Insider Threat Hunt: The Series
Insider threats consist of the potential dangers of insiders misusing information system access to knowingly or unknowingly attempt to damage their employers, customers, or partners. Unlike external attackers, insider threats come from within an organization, such as employees, contractors, vendors, or business partners with legitimate access to systems or data. While some insiders are purposeful, driven by unique motivations, others become insider threats unbeknownst to them by carelessness or negligence.
This blog is the first part of the Insider Threat Hunt series, where we analyze a collection of synthetic datasets for signs of insider threat. The datasets used in all demonstrations are based on Carnegie Mellon University's Insider Threat Dataset, available for public download at KiltHub.
This blog analyzes dataset r1.tar.bz2 for signs of unauthorized access following personnel terminations or resignations. Our goal is to identify if any user attempted to access company resources after being offboarded.
The r1.tar.bz2 dataset is approximately 84 MB and contains four data sources: devices.csv, http.csv, logon.csv, multiple (18) LDAP.csv files. However, we will only use the logon.csv and LDAP files for our first demonstration.
The LDAP.csv files provide eighteen months' worth of employee LDAP data. Each file corresponds with a year's month and contains a list of active users at the end of the particular month. The LDAP file runs at the end of the month; therefore, users who end employment in the middle of a month will be included in the previous month's LDAP file but not in the LDAP file for the month the employment ended. For example, users departing in June will appear in May's LDAP file but not in June's.
The logon.csv file contains eighteen months' worth of logon/logoff activity for all users, including user ID, computer name, login activity, and date.
Additional context and background for this dataset include the following:
The company has 1000 users, each assigned a unique computer, 12 of whom are system administrators.
There are 100 shared computers.
Analyzing LDAP Data
The first step consisted in uploading the eighteen LDAP CSV files to Gigasheet and combining them into one single file using the built-in combine function, resulting in a ~17k-row file.
The resulting LDAP file contains six columns, including:
Employee name (A)
User ID (B)
Email address (D)
Role or Title (E)
Date (year and month) for the LDAP data in the file (F)
Grouping by the date column (F) reveals an eighteen (18) month span, from December 2009 to May 2011. The company started with 1000 users in December 2009, evidenced by the group's count number, and lost/gained users progressively over the following eighteen months.

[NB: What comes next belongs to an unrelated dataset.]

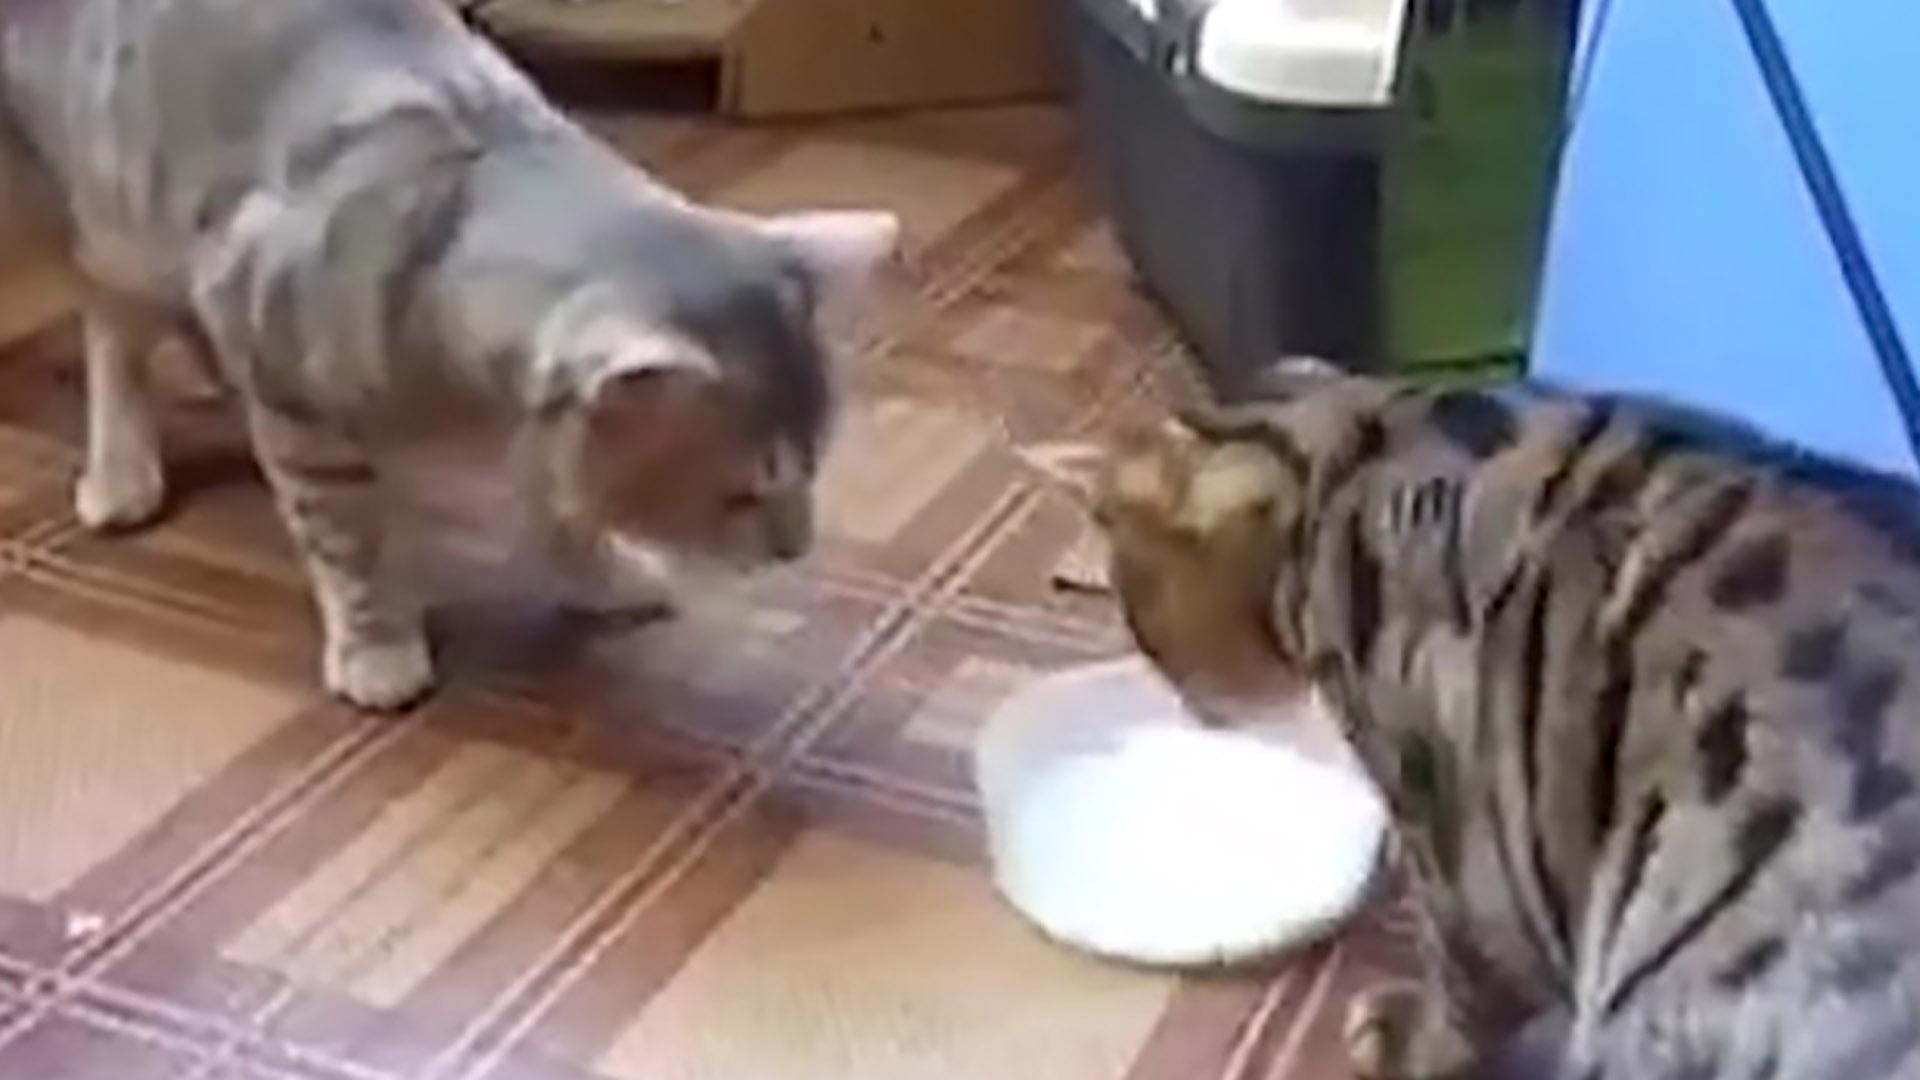 El video muestra la divertida escena de dos gatos disputándose por el delicioso tazón de leche

Similarly, grouping by the user ID column (B) shows each user's length of employment. For example, a user with the user ID IGB0310 was employed for the entire eighteen months (IGB0310(18))
Sorting in ascending order reveals the users with shorter employment lifespans. For example, a user with user ID CIB0489 was only employed for one month ((CIB0489(1))

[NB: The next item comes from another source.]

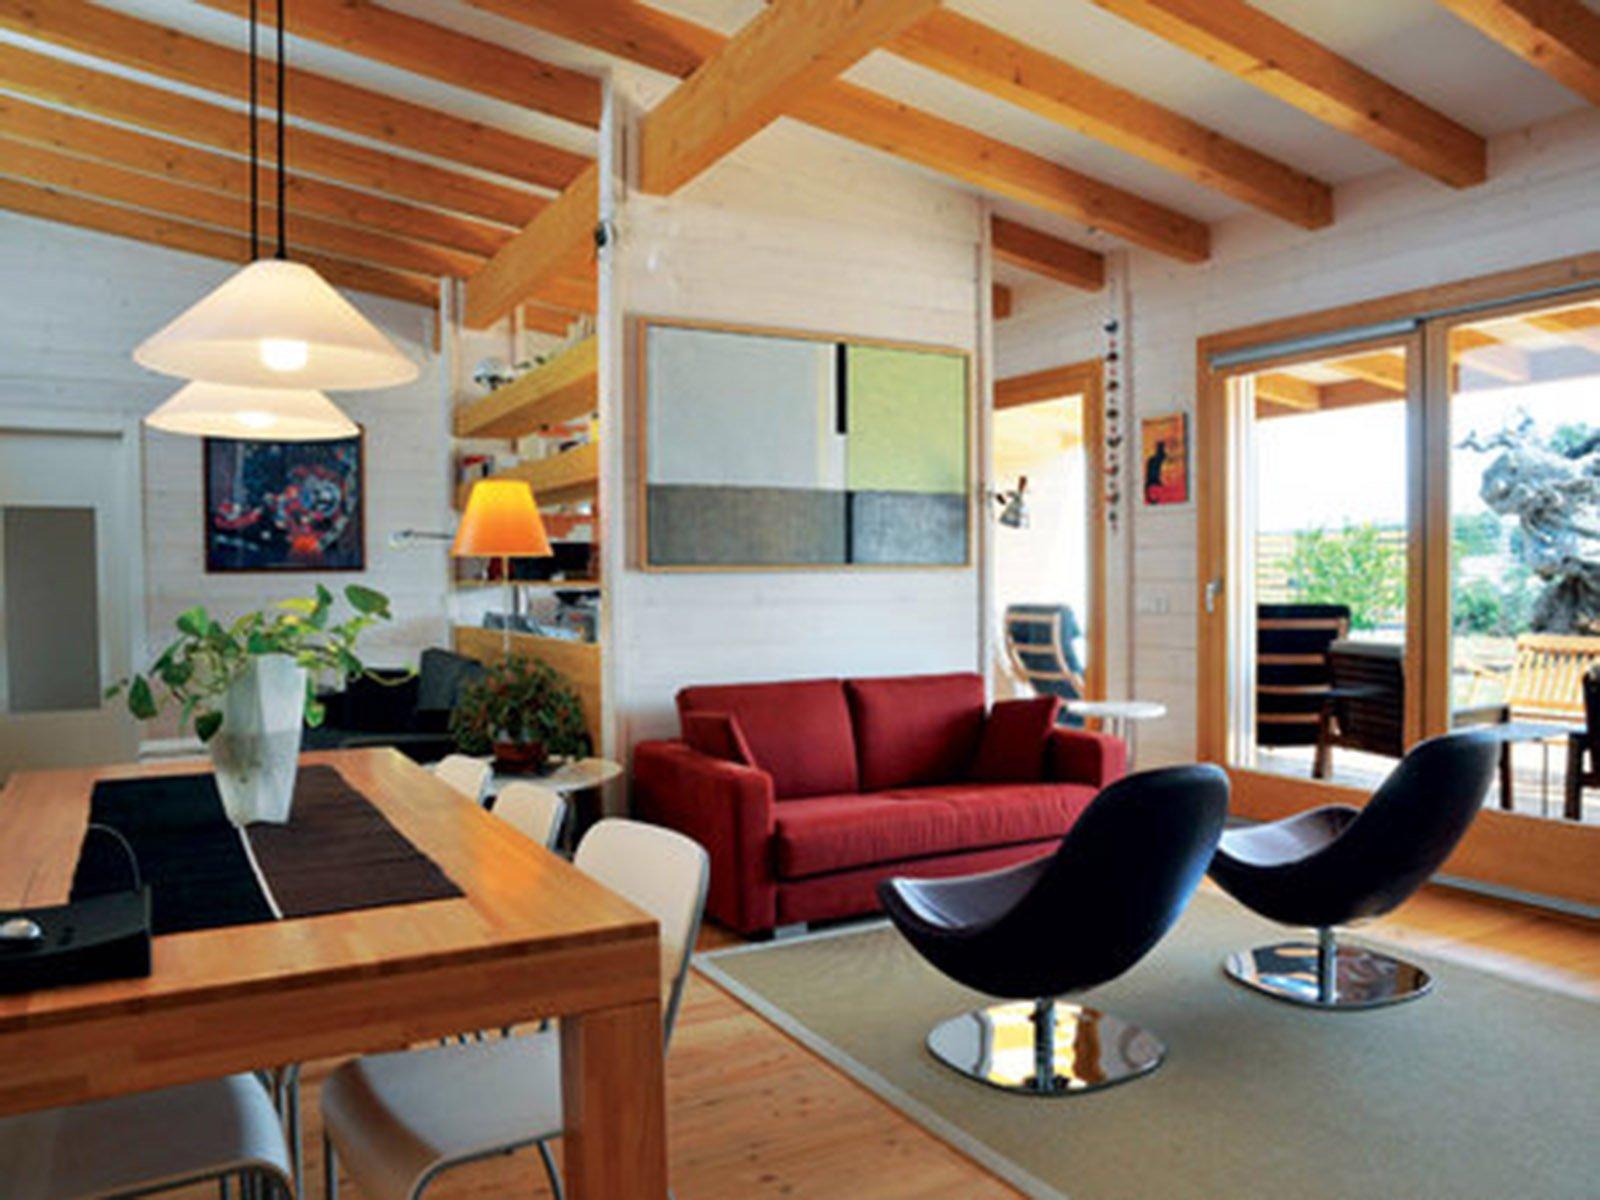 Bioarchitettura e case ecologiche, prefabbricate in legno - Cose ...

To determine which users were active on which month, we combined the user ID (B) and date (F) columns using a hyphen as a separator, storing the combined data in a new column named user-last-month. The user-last-month column now includes the user ID along with the user’s employment months.
Analyzing the Logon Data
The logon data contains details of logon and logoff activity for all users, including:
A unique identifier (A)
User ID and domain (C)
Computer name (D)
To identify unauthorized login activity following user offboarding, we need to find users who logged in or out of their computers in the months following their last month of employment. For example, a user who terminates employment in June should be offboarded in June, and therefore, there should not be any activity for that user in July and onwards. Cross-checking the logon and LDAP datasets should, in theory, reveal users who have attempted to access company resources after being removed from LDAP. Another point to keep in mind is that users who depart in the middle of a month will not be included in the LDAP file for the month the employment ended. In contrast, the logon.csv file will record user activity for such users on their last month of employment.
The next step consisted in splitting the logon.csv user column (C) to separate the user ID from the domain. For this, we used Gigasheet's split column function using a forward slash as a separator, resulting in two new columns, one for the user ID (USER-DATE_SPLIT_2) and one for the domain (USER-DATE_SPLIT_1).
Similarly, we split the date column (B) using a hyphen as a separator, placing the year, month, and date/time in three columns.
To cross-check the logon.csv and ldap.csv files, we need a way to tie the user ID to the year and month in which the logon activity occurred, similarly to how we combined the user ID and date in the LDAP file. To do this, we used Gigasheet's combine columns function, connecting the user ID, year, and month columns using a hyphen as a separator and placing the results in a new column named user-last-month.
Next, we performed a cross-file lookup of the logon.csv user-last-month column against the ldap.csv user-last-month column, resulting in an additional column displaying the lookup results.